WWI commemorations should be "more than just the battlefield"

Patrick Steel, 12.11.2013
Conference delegates discuss preparations for 2014
Next year’s WWI commemorations should be “more than just the battlefield”, Linda Tomos, director of CyMAL: Museums Archives and Libraries Wales, told delegates at Liverpool 2013.

“If it’s just five years of battlefield retelling then after year one people will have had enough,” she said. “[The military side is] an important part of it but not the totality of it.

“To engage with people you might show how this affected your community, family, or nation. That’s the sort of sense museums can engender. And museums can ask the important questions about how does this global conflict reflect how we look at conflict today. We have the imagination and professional ability to interpret that.”


Delegates also heard from John Orna-Ornstein, director of museums at Arts Council England (ACE), who flagged up funding available for museums under ACE’s Grants for the arts scheme, and the Museums in schools programme, for which roughly half the programmes would be around WW1.

ACE is not prioritising WW1 in its current Strategic funding round, because the Heritage Lottery Fund (HLF) has made this a priority, he added, but a decision was yet to be made on future rounds.
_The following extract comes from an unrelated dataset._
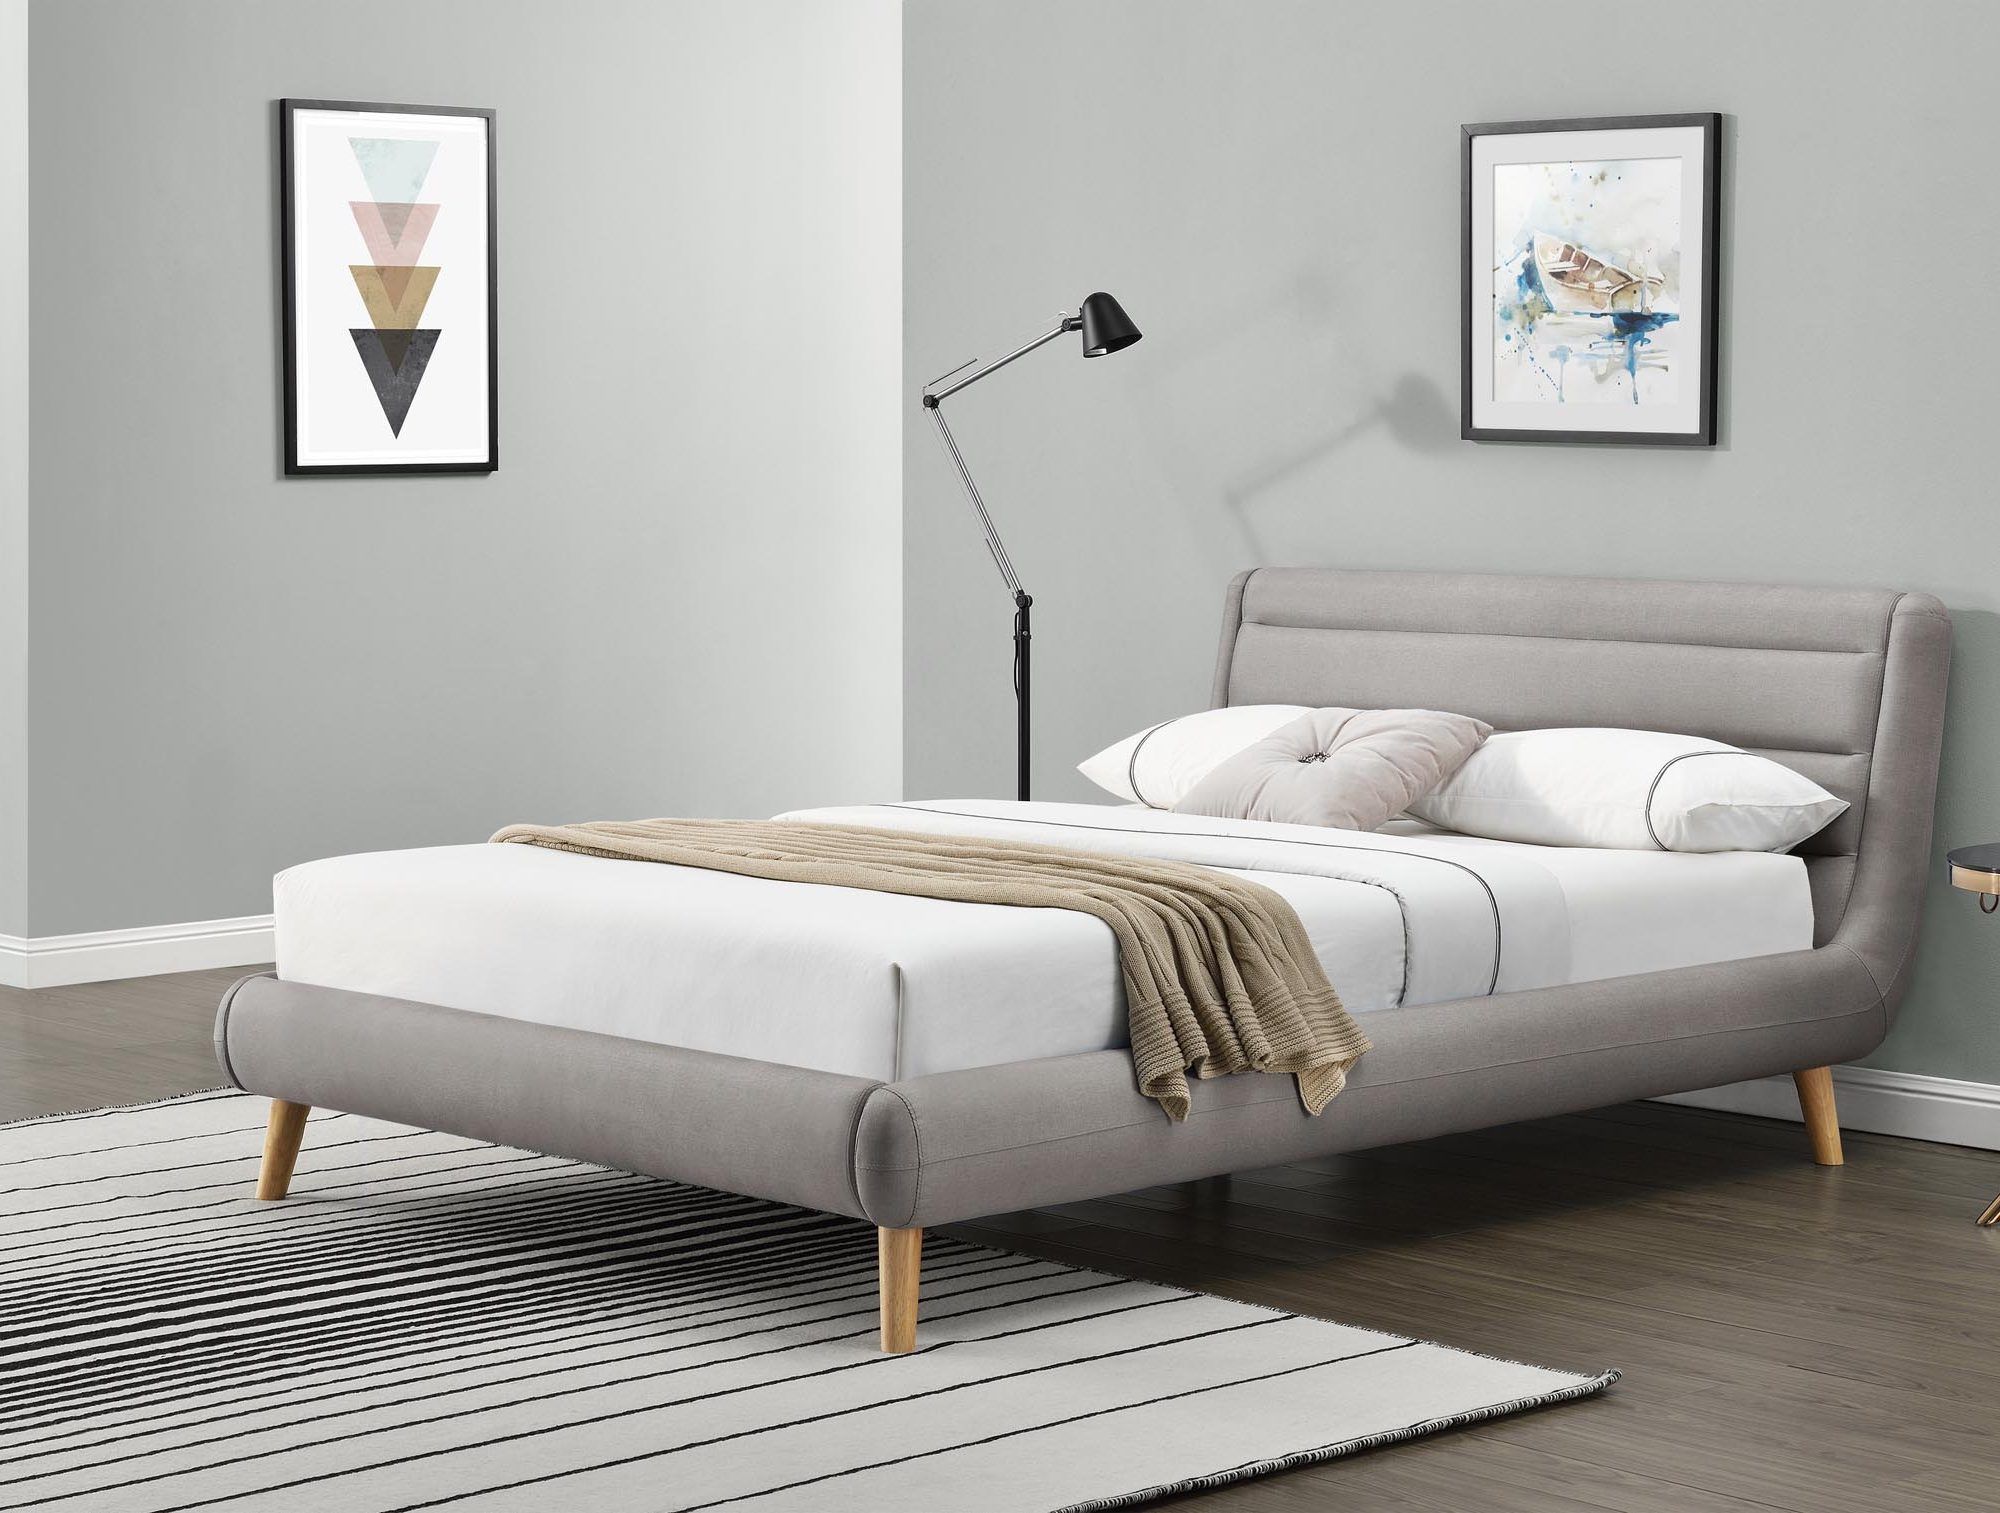 Manželská posteľ 160 cm Elanda (béžová) (s roštom)

ACE would also be working closely with the Imperial War Museum (IWM) and the HLF on further WW1 initiatives, he said, but details of these are not available yet.

The HLF has made £6m available for small grants to help communities across the UK mark the centenary, with £1m a year available until 2019. The HLF will also provide grants of £3,000 to £10,000 to enable communities and groups, particularly those involving young people, to explore, conserve and share their WW1 heritage and deepen their understanding of the impact of the conflict.

Lori Anderson, relationships and partnerships manager at Museums Galleries Scotland (MGS), said that the Scotland Commemorations Panel was working at a local, national and international level to join up thinking between organisations in Scotland and the UK.

Earlier this year the Scottish Executive gave £1m to schools to do educational visits to European battlefields, and has also funded a £1m Centenary Memorials Restoration Fund.

And Chris Bailey, director of the Northern Ireland Museums Council, spoke of the gap between history and people’s views in Northern Ireland, saying that museums have critical role in disarming myths and correcting misconceptions about the events of 1914-1918.

Earlier this month the IWM announced a First World War Centenary Partnership Programme, bringing together a network of over 1,800 cultural and educational not-for-profit organisations from 37 countries to mark the centenary.